Liver fibrosis is one of the known conditions linked to chronic liver injury. It will usually lead to cirrhosis and possibly HCC at the very later stages. Antimicrobial peptides such as endogenous mediators have the ability to enhance the processes of wound healing through antimicrobial activities, angiogenesis, chemotactic activities and LPS neutralization. For instance, in studies involving recombinant human AMP LL-37, it was observed that it enhanced the wound healing process by simply stopping the activation of macrophages with LPS, and also through the induction of the proliferation, as well as the migration, of endothelial cells, re-epithelization and vascularization.

Additionally, it may be possible to modify natural antimicrobial peptides or to combine them with other short peptides to enhance their overall potential or capabilities.

The Modification of Anticancer Peptides

Studies have shown that host antimicrobial peptides have anticancer ability. However, most of their properties may not be directly applicable in the design and the development of anticancer agents since they have very low killing activity. The potential candidates for anticancer peptides may be modified to alter their mode of action. Also through modifications, it is possible for the novel analogs to be developed as a way of increasing the membrane-binding affinity and selectivity to cancer cells through the modulation of their amino acid components. For example, a modified peptide CB1a obtained from antimicrobial peptide Cecropin B has shown to have very promising activity against leukemia with very low cytotoxicity to non-cancer cells. Also, various strategies such as fragmentation, polymerization, hybridization, and cyclization, among others may be used to increase the efficacy as well as the stability while decreasing undesirable collateral cytotoxicity. It is also possible to design anticancer peptides to synthesis in silico with the aim of reducing the associated time and labor.
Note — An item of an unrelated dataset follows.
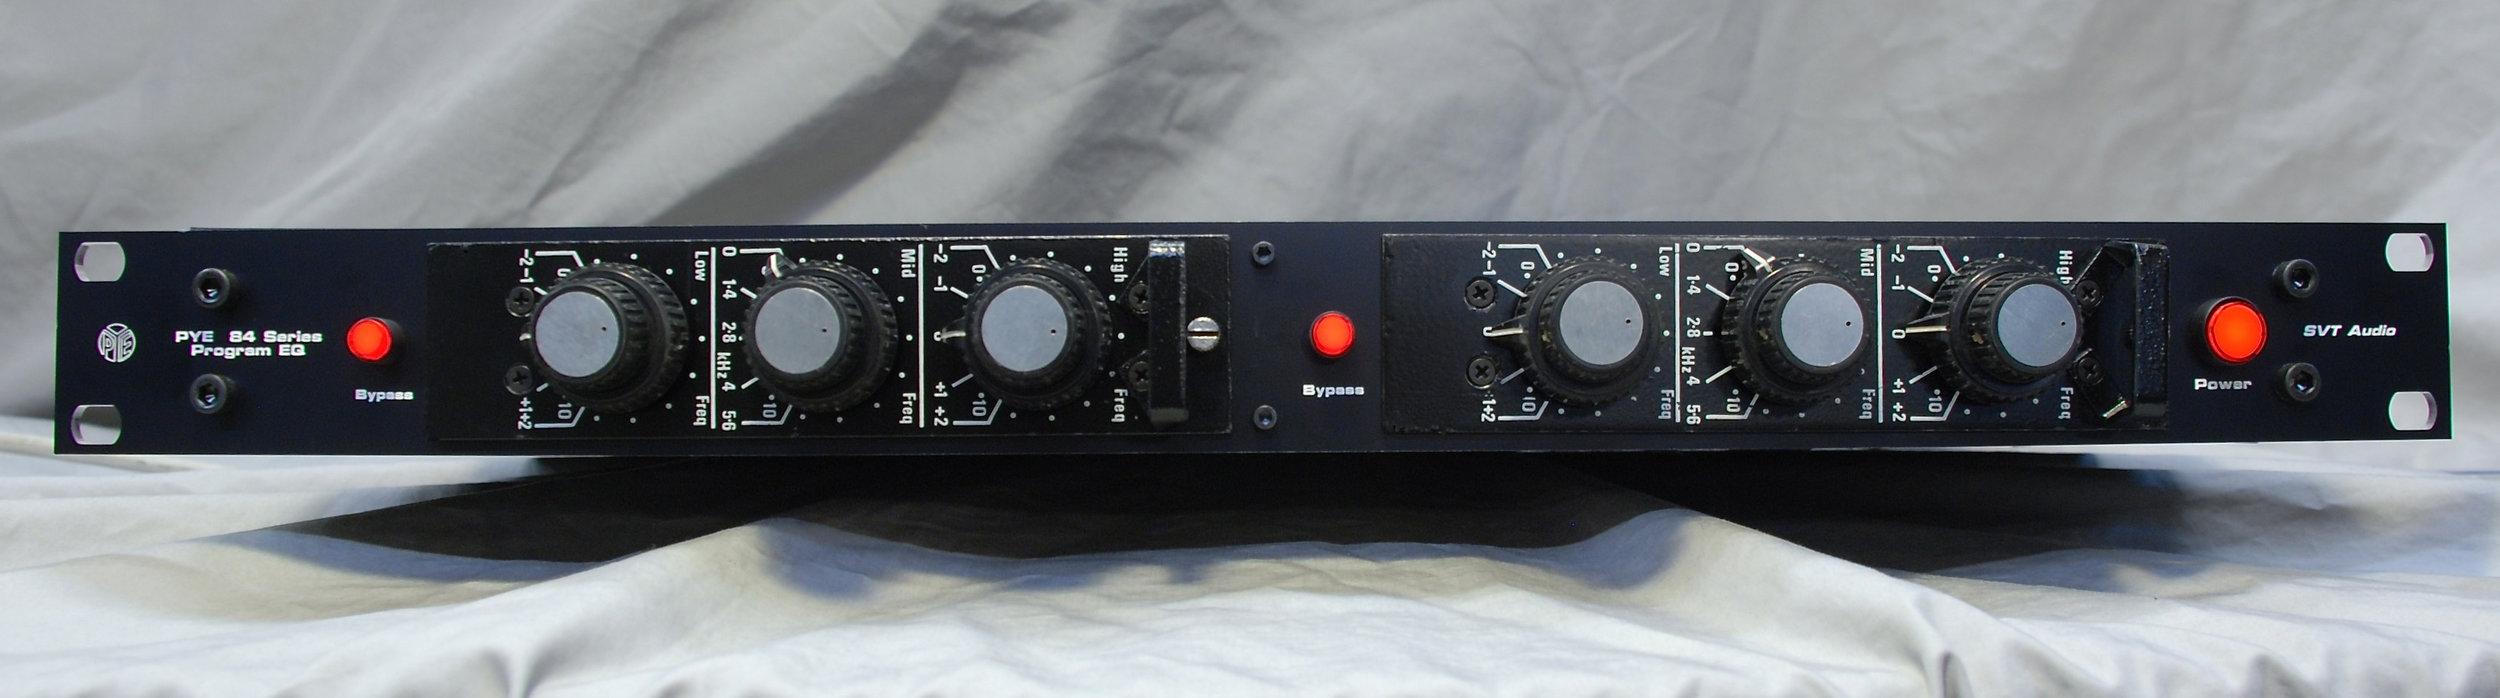 PYE 84 Series EQ.jpg

The Potential Applications of Anticancer Peptides

Anticancer peptides have two main killing mechanisms – modulating immune responses to kill cancer cells and binding with targets to kill cancer cells. These mechanisms make them very attractive in the development of a variety of HCC treatments. To produce peptide based anticancer therapies, it is vital to explore various delivery systems, including nanoparticles, liposomes, and peptide-derived vaccines.

Peptide-Based Vaccines

Most of the peptide-based vaccines are easy to store, are water soluble, and can be customized to be used to target and achieve very specific objectives. For example, Glypican-3 (GPC3) obtained from heparin sulfate proteoglycans is usually overexpressed in HCC and, as such, it is viewed as a potential target for cancer immunotherapeutic. Peptide vaccines derived from GPC3 have demonstrated the ability to lead to an increase in the peptide-specific CTLs and they are currently being evaluated in a variety of clinical trials. There are, however, certain limitations that have been associated with the use of peptide vaccines. For example, peptide vaccines are known to have low efficacy, to be unstable under certain physiological conditions, and to have poor immunogenicity. There are several strategies that have been employed as a means of overcoming certain limitations, with some of the interventions including the use of immunostimulatory adjuvants, multi-epitope approaches, and the use of new delivery systems featuring nano or micro particles. It is also possible to use antimicrobial peptides with anticancer properties as adjuvants for vaccines. Clinical trials for peptide-based vaccines for cancer therapies targeting TAAs have been reviewed in the past few years, and it has been observed that by targeting tumor-specific mutated antigens, it may be possible to reduce the off-tumor cytotoxicity, allowing room for more personalized treatments.


Nanoparticles like liposomes and gold nanoparticles have been used in the design and development of various delivery systems because of their properties such as enviable bioactivity, long drug half-life, and good cell selectivity. Another promising strategy in the development of HCC therapies is the possibility of delivering anticancer peptides with the help of nanocarriers. In one study, it was reported that through the use of liposomes to deliver HCC-targeting peptide, there was enhanced therapeutic efficiency as well as proper selection by phage-display in a mouse with the HCC xenograph model. Currently, there is need for more studies to help in the identification of the unique neoantigens that can be used as potential candidates for immunotherapeutic agents against HCC.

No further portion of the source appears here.